Katayama, de voorrmalige president van Nissan North America, werd in de automobielindustrie gezien als dé expert op het gebied van marketing. Na zijn studie aan de Keio Universiteit begon hij in 1935 bij Nissan en werkte in verschillende marketingfuncties voordat hij in 1960 door het management werd ‘verbannen’ naar Amerika. Dat had einde carrière kunnen betekenen omdat hij tegen samenwerking was met een door het bedrijf gesteunde vakbond.

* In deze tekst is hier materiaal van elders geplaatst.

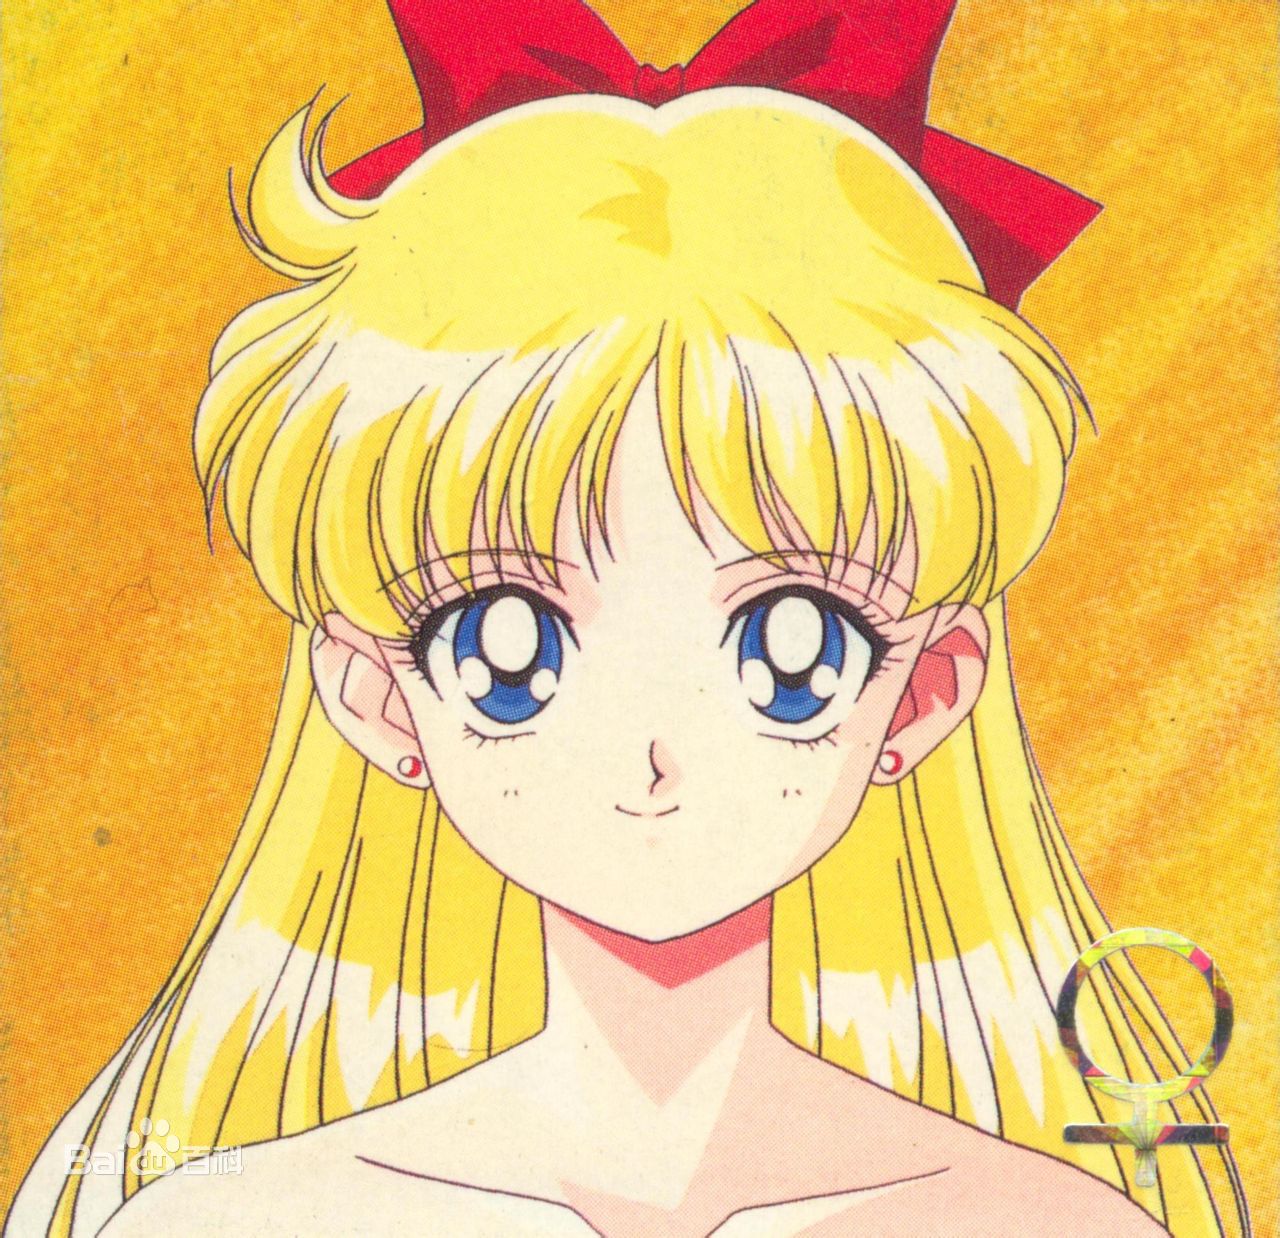 旧漫头像《美少女战士Sailor Stars》爱野美奈子 朝梦想勇往直

Op dat moment verkocht Nissan onder de merknaam Datsun via onafhankelijke distributeurs in de VS nog geen duizend auto’s. Maar Katayama bracht daar snel verandering in. Zijn inspanningen hadden in die vroege periode een enorm effect op de vertegenwoordiging van de Japanse auto-industrie in Amerika. De auto’s waren niet zo goed en er was nog een duidelijke anti-Japanhouding.

Katayama nam de verkopen van Nissan aan de westkust onder zijn hoede met een advertentiebudget van slechts duizend dollar, één ingenieur en één kantoorbediende. Hij werkte vanuit een voormalig kantoortje van Mobil Oil in Los Angeles en verhuisde later naar het zuidelijker gelegen Gardena. De Japanner werkte lange dagen, leverde auto’s persoonlijk af aan de eerste Datsun-dealers en deed huis-aan-huisbezoeken om het merk onder de aandacht van het publiek te brengen. Een moeizame start, want zelfs de Japanse Amerikanen kochten liever een Amerikaans merk om zo hun trots op het staatsburgerschap te tonen. Katayama werd in 1965 Nissan’s topman in de VS toen het bedrijf zijn activiteiten aan de oostkust combineerde met die aan de westkust.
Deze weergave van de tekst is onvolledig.